Start of Available data

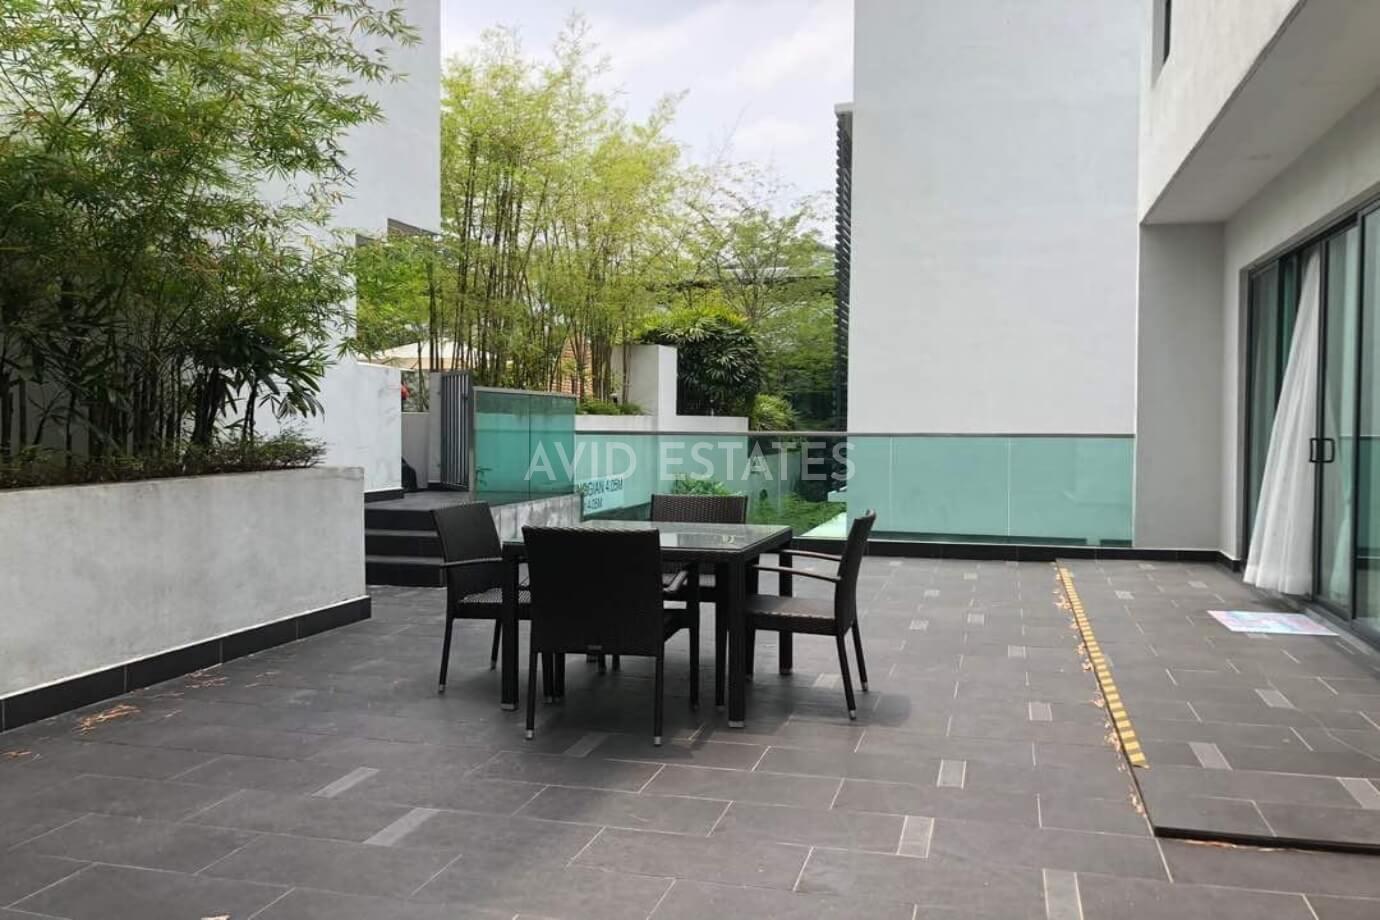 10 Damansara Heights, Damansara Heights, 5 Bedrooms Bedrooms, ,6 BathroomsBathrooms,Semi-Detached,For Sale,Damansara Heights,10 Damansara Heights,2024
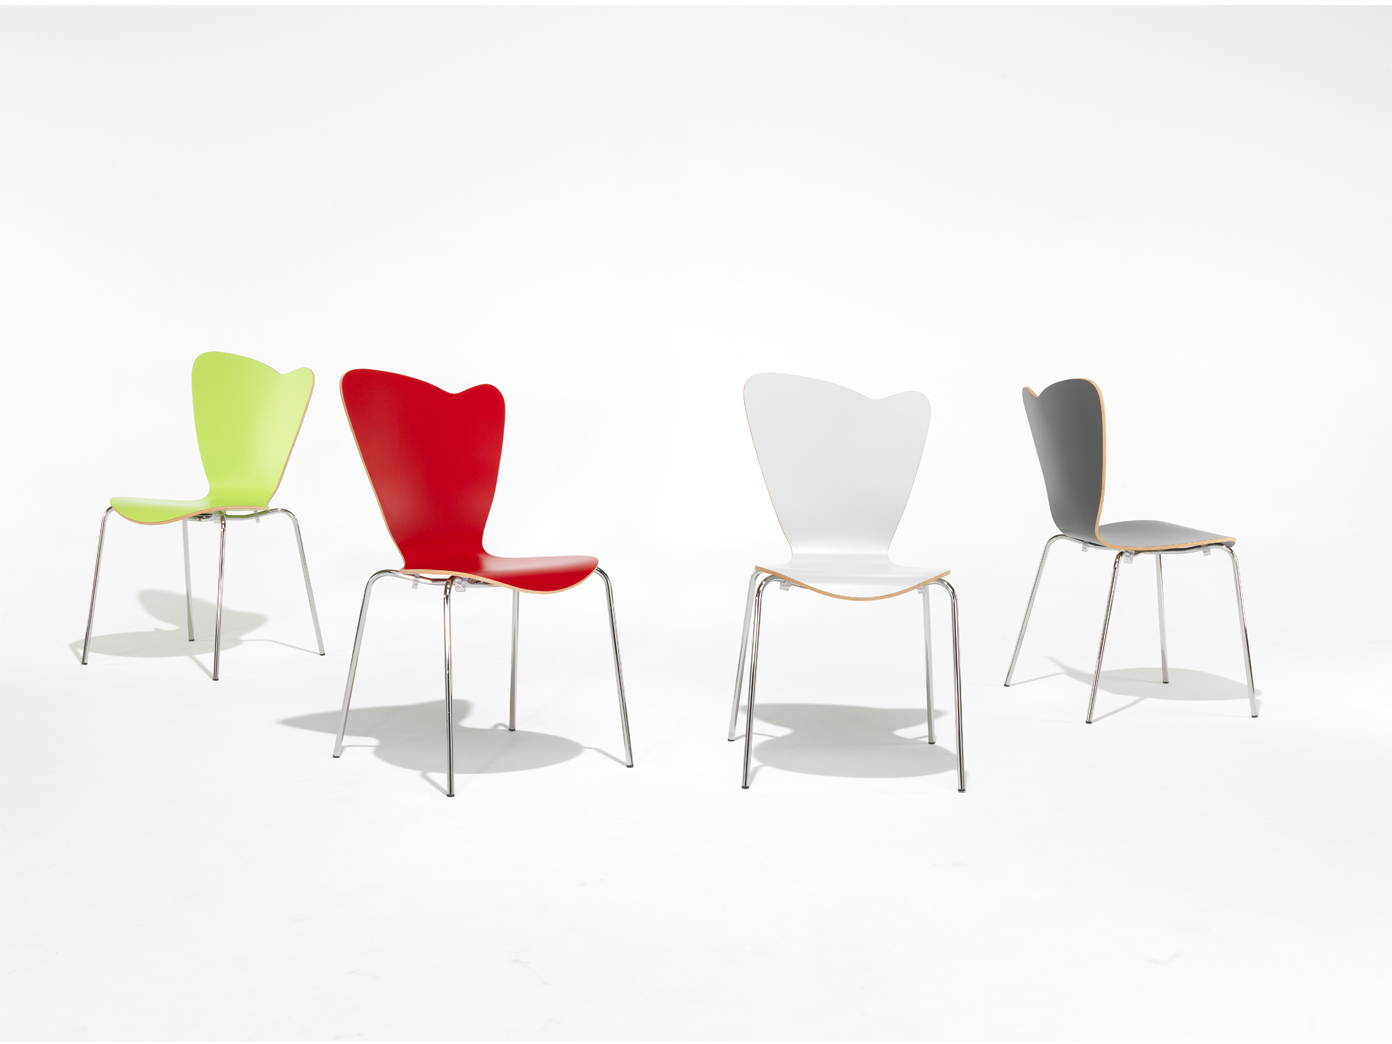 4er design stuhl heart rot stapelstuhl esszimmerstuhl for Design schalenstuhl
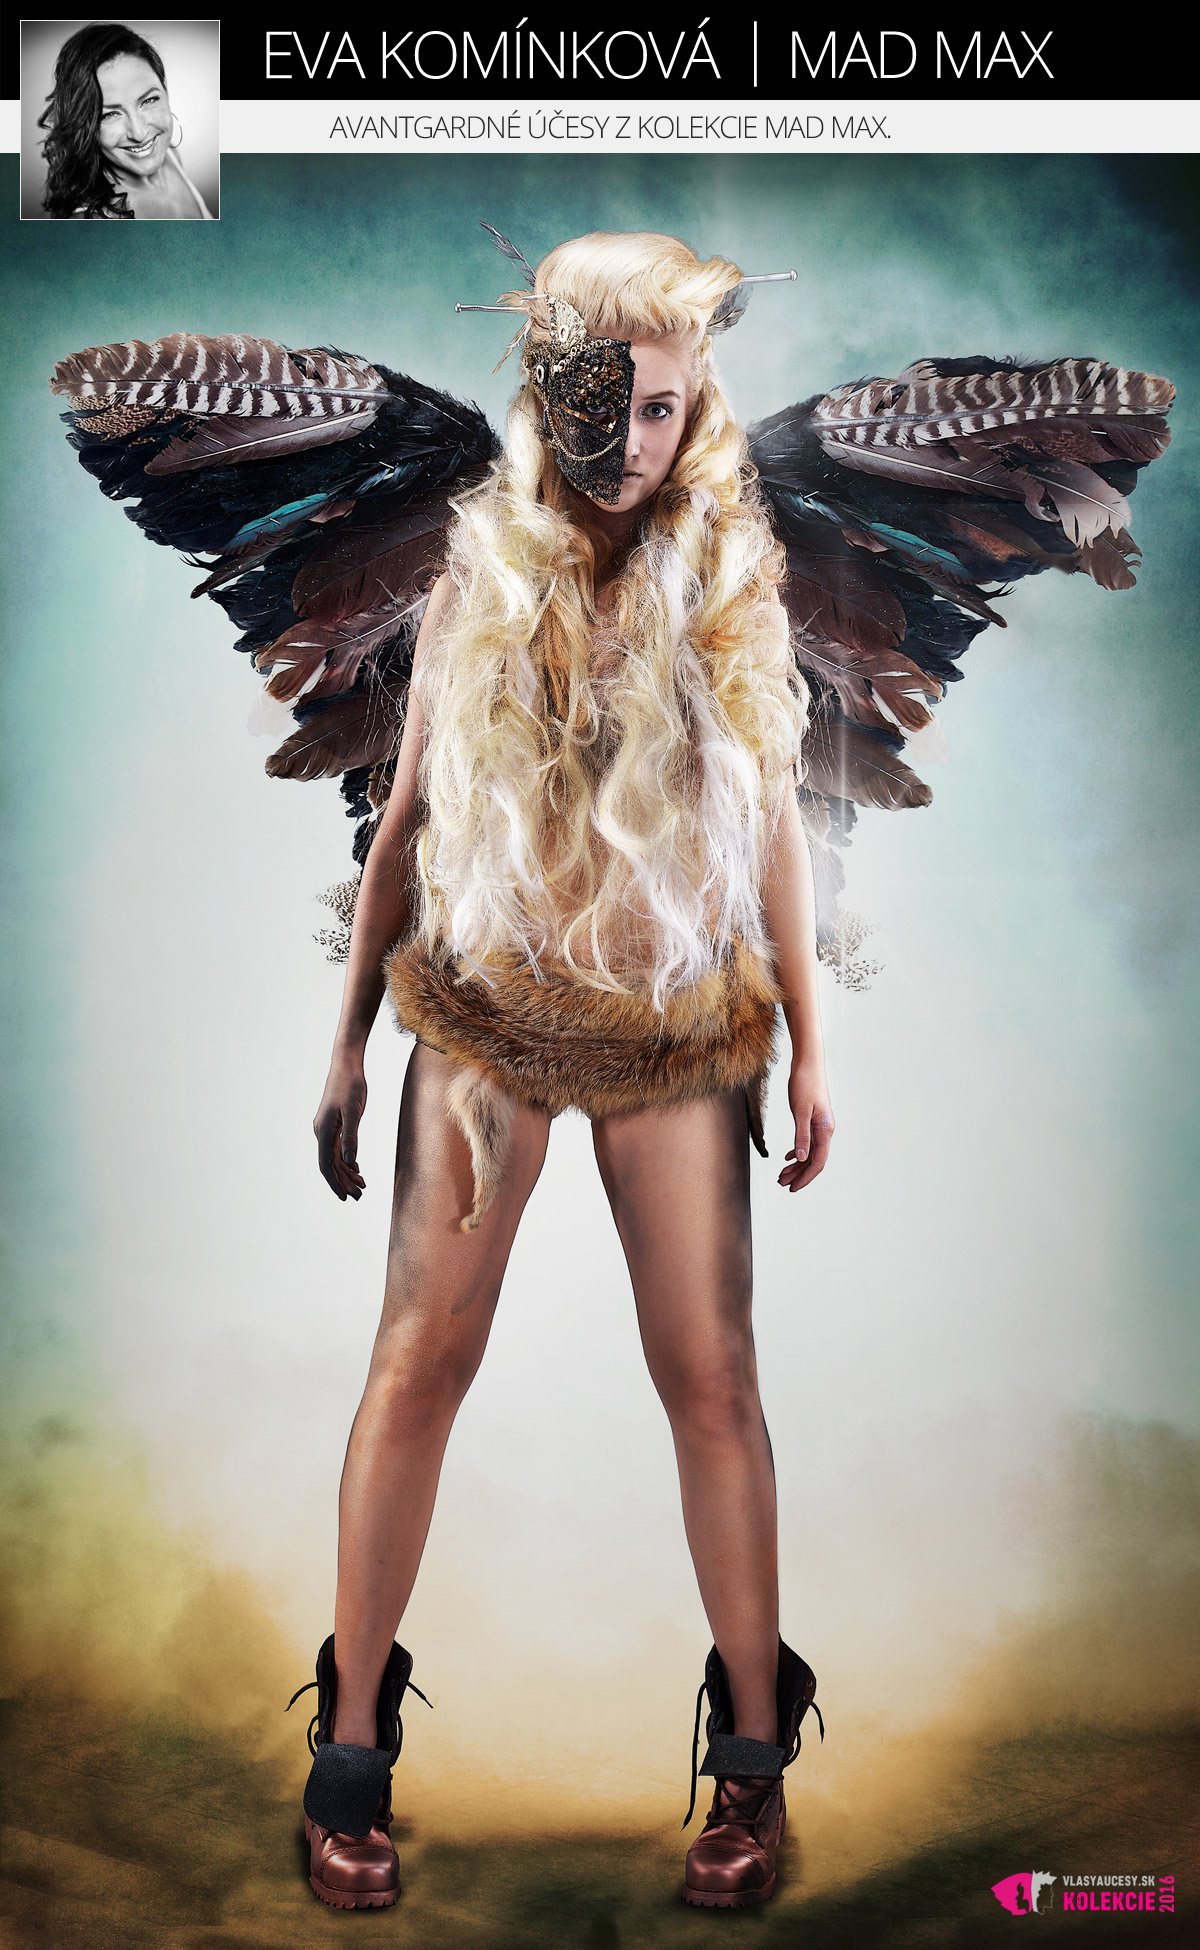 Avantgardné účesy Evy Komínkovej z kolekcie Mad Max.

End of Available data

→ Task statement
Leave the images out and give the rest of the data again exactly.

→ Worked solution
 10 Damansara Heights, Damansara Heights, 5 Bedrooms Bedrooms, ,6 BathroomsBathrooms,Semi-Detached,For Sale,Damansara Heights,10 Damansara Heights,2024
 4er design stuhl heart rot stapelstuhl esszimmerstuhl for Design schalenstuhl
 Avantgardné účesy Evy Komínkovej z kolekcie Mad Max.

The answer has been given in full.